▶ **What the task asks**
Using the records below, quote only the span that opens with the line containing "Eine kleine Teal" and closes with the line containing "mariage mariee preparatifs armelle dupuis", exactly and inclusively.

▶ **Available records**
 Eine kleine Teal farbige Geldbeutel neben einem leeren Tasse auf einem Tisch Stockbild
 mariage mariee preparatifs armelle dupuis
--
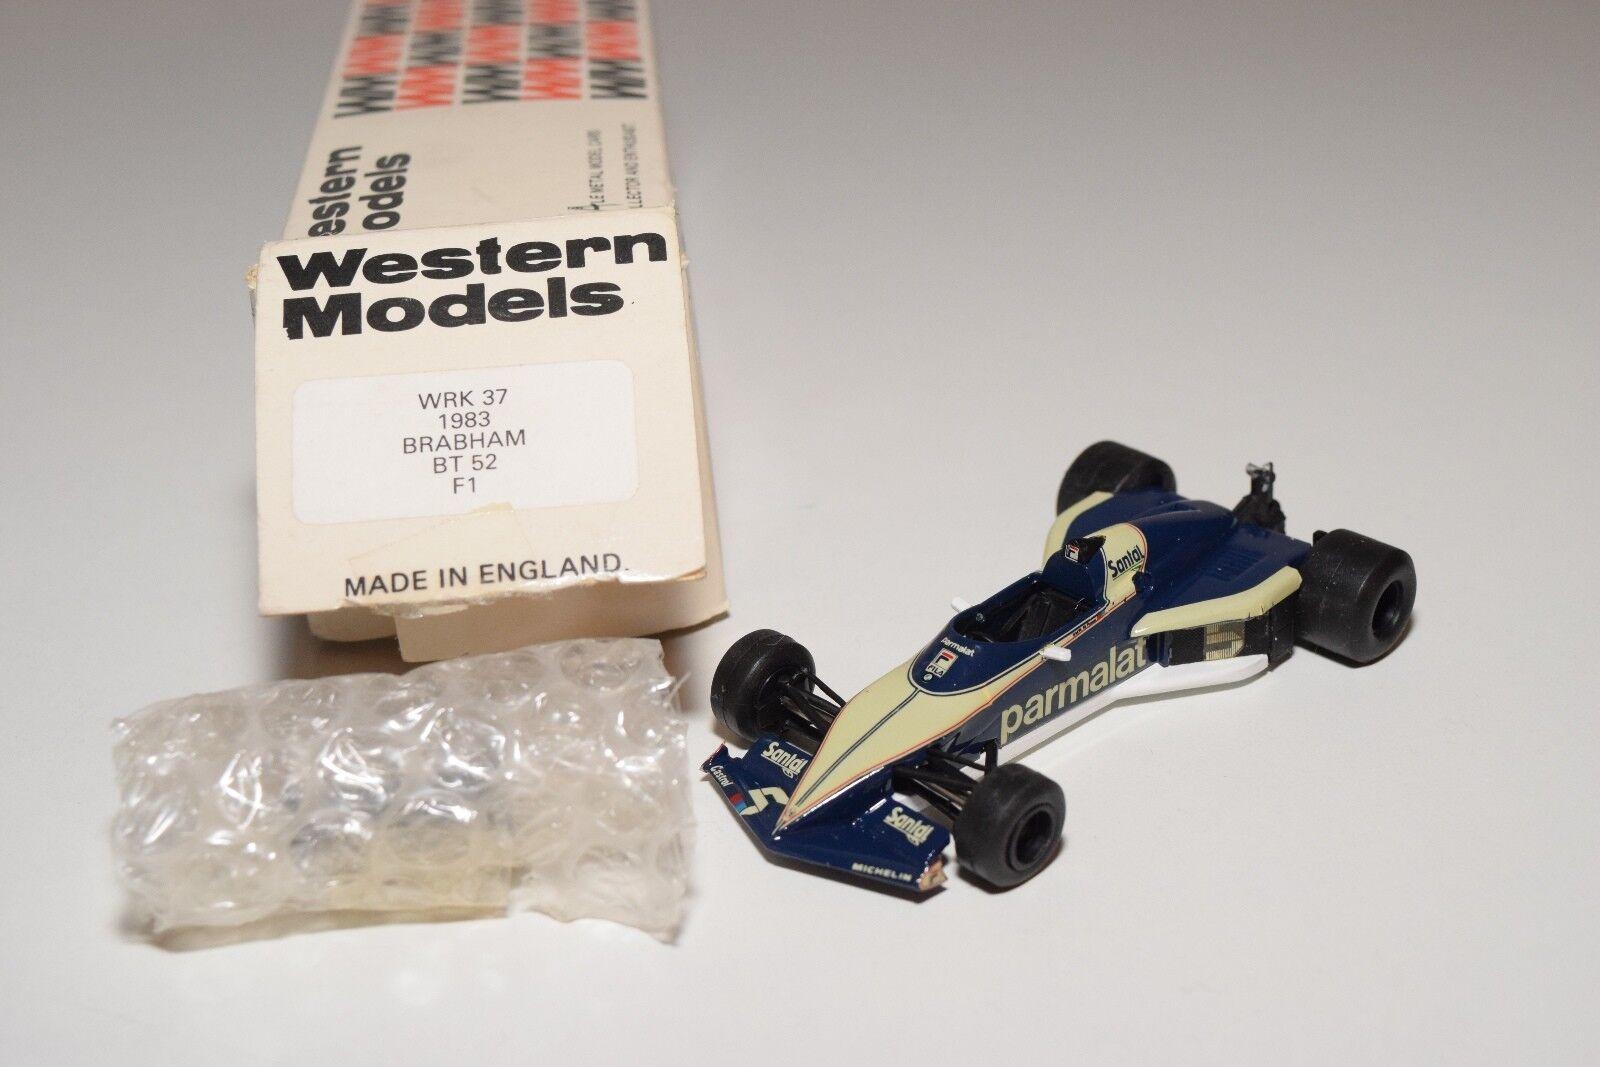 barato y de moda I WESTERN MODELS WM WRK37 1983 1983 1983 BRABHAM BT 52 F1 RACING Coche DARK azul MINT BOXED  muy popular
---
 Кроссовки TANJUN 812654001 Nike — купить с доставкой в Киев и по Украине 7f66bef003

▶ **Completed task**
 Eine kleine Teal farbige Geldbeutel neben einem leeren Tasse auf einem Tisch Stockbild
 mariage mariee preparatifs armelle dupuis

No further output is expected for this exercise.